§ **Collected material**:
━━━
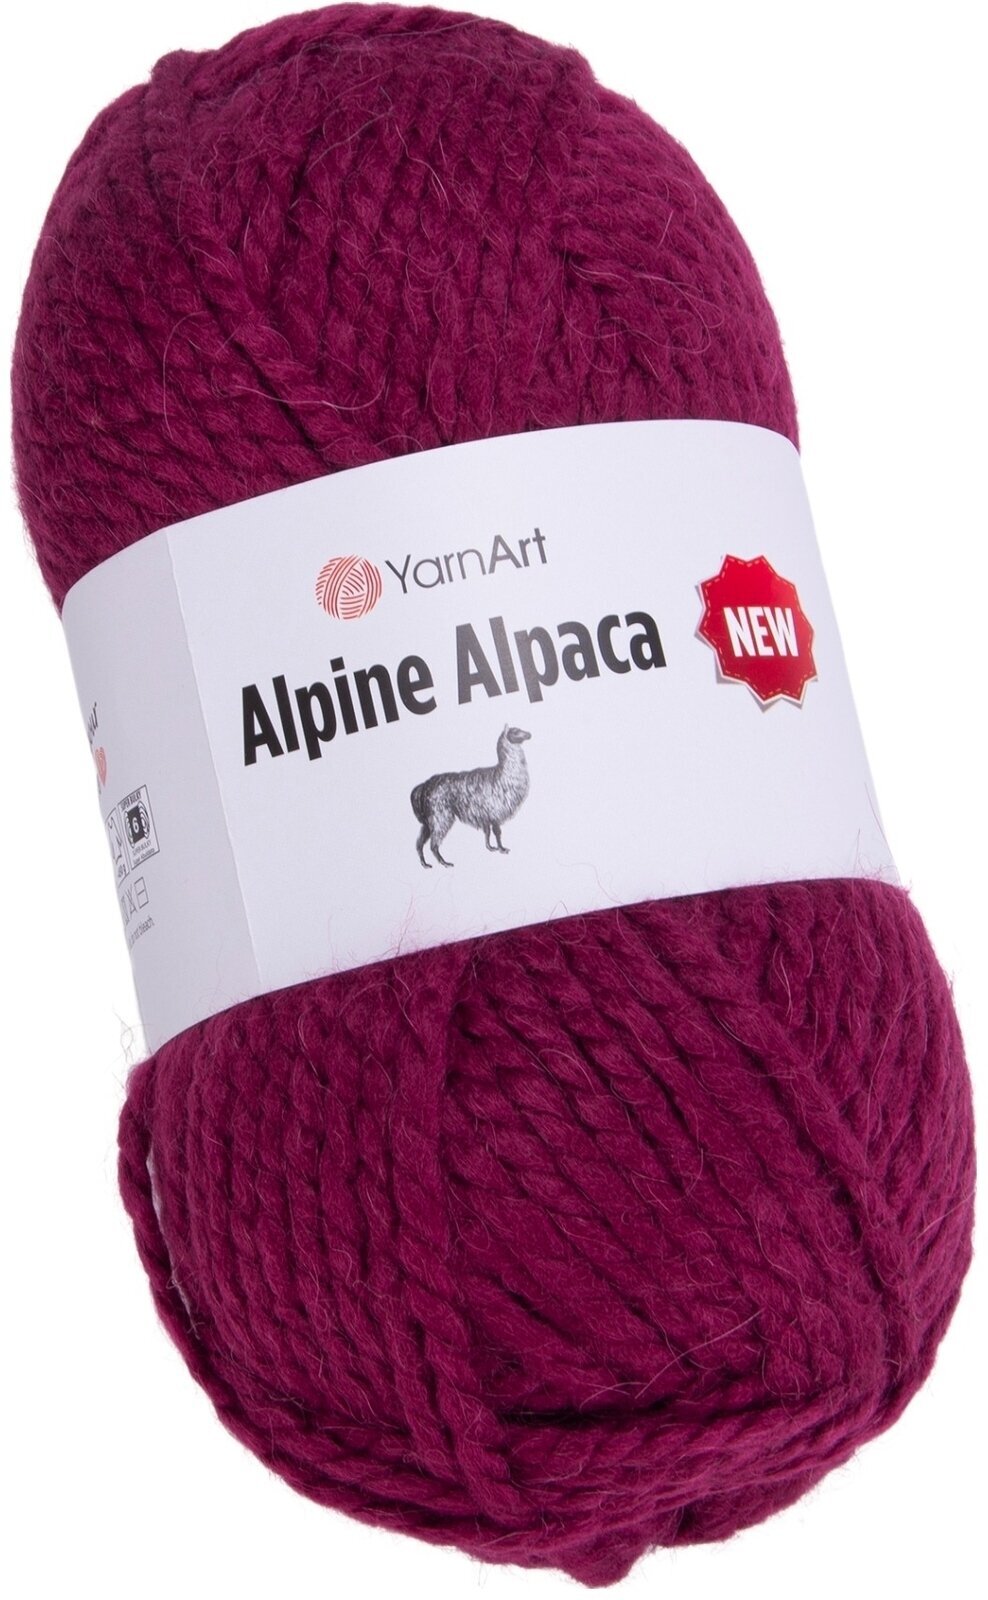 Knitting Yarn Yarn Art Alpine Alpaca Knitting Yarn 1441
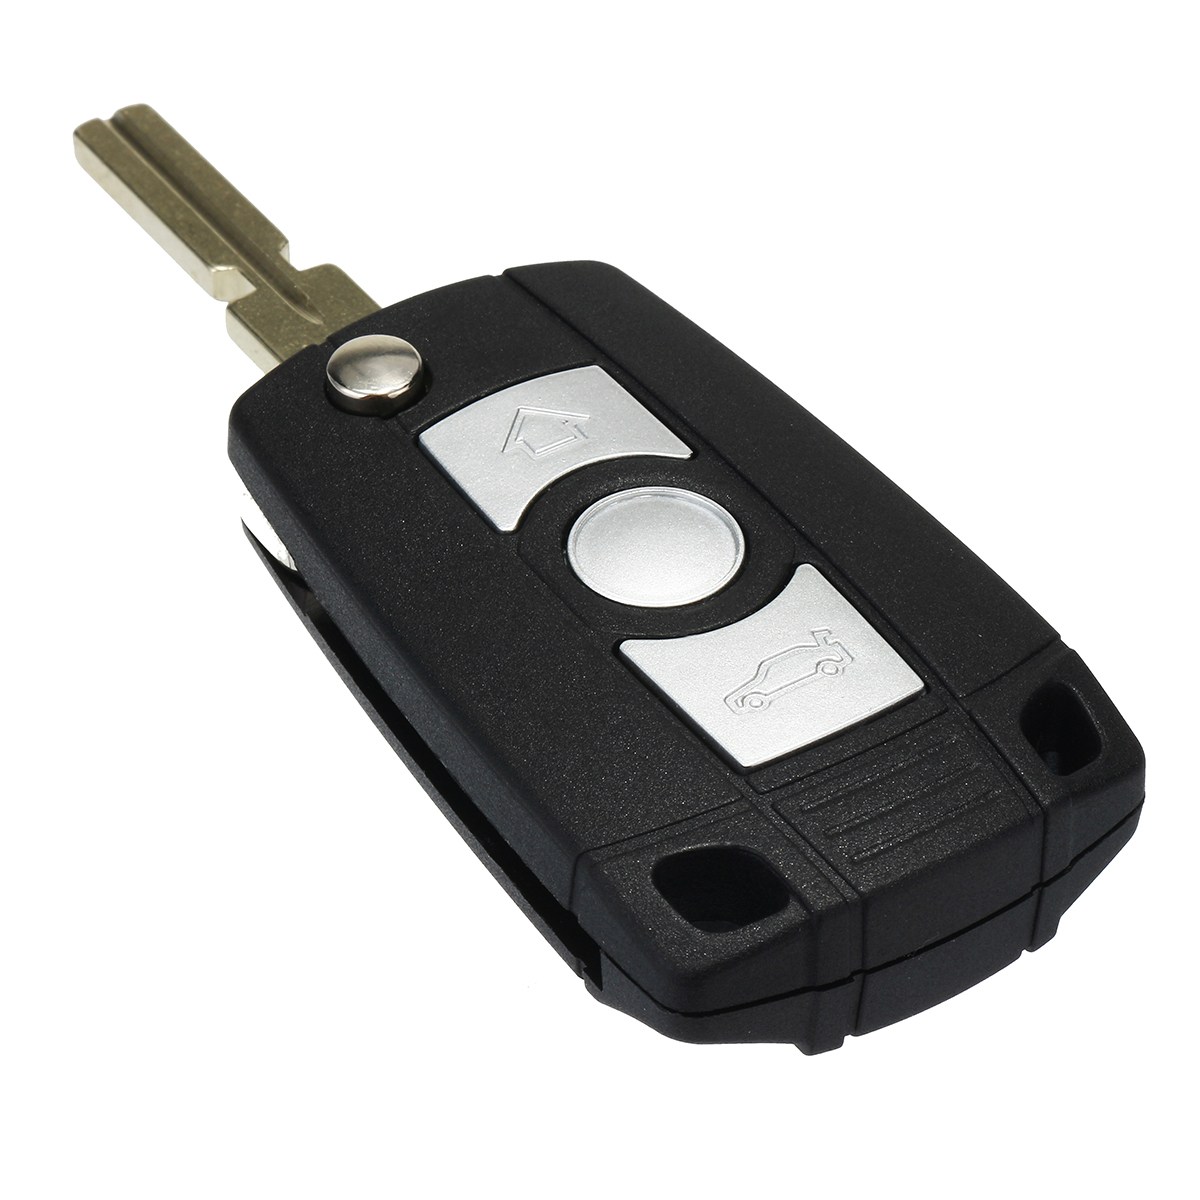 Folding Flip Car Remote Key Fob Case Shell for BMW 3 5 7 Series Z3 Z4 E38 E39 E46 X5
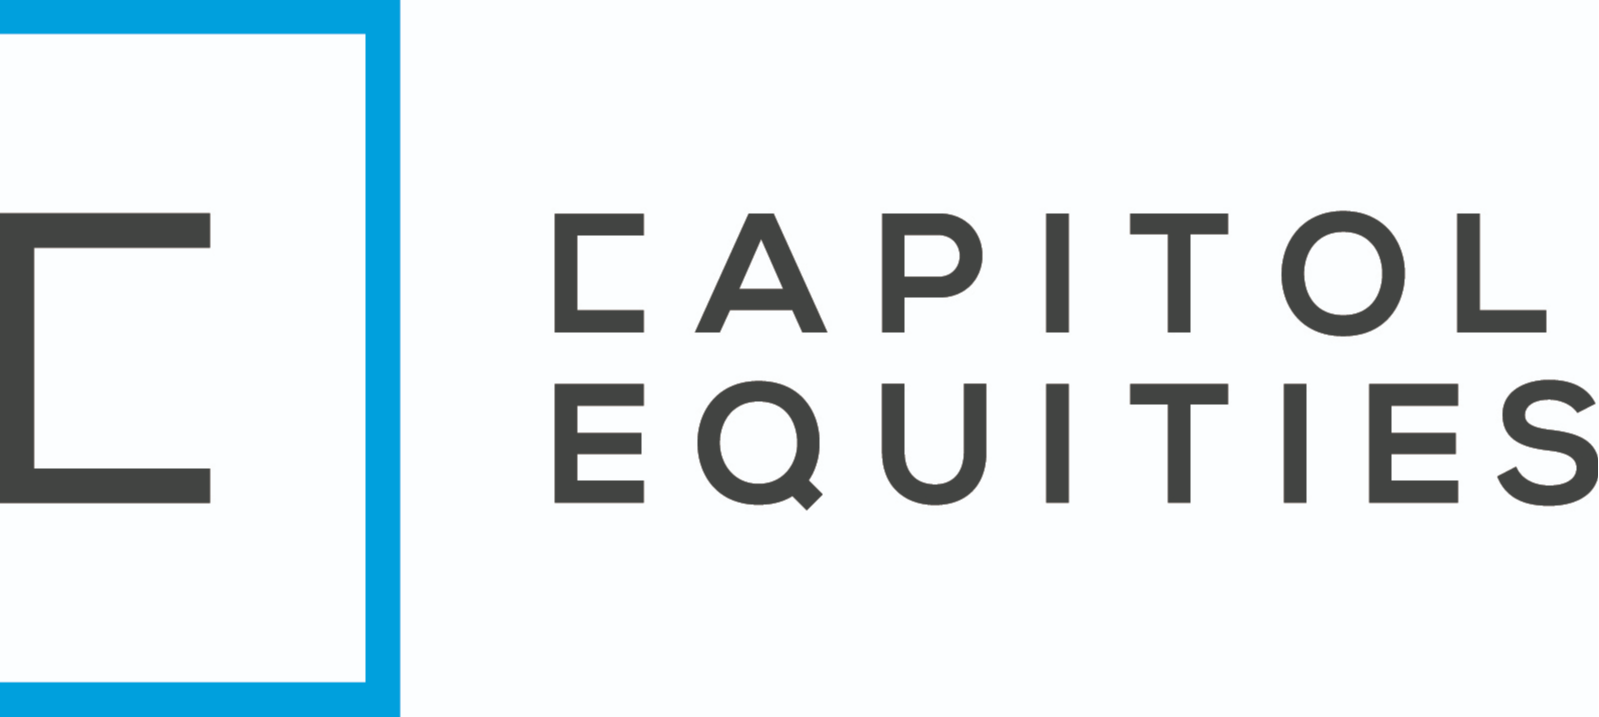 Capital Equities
━━━
The full listing above, duplicated exactly and without its pictures, is the answer.

 Knitting Yarn Yarn Art Alpine Alpaca Knitting Yarn 1441
 Folding Flip Car Remote Key Fob Case Shell for BMW 3 5 7 Series Z3 Z4 E38 E39 E46 X5
 Capital Equities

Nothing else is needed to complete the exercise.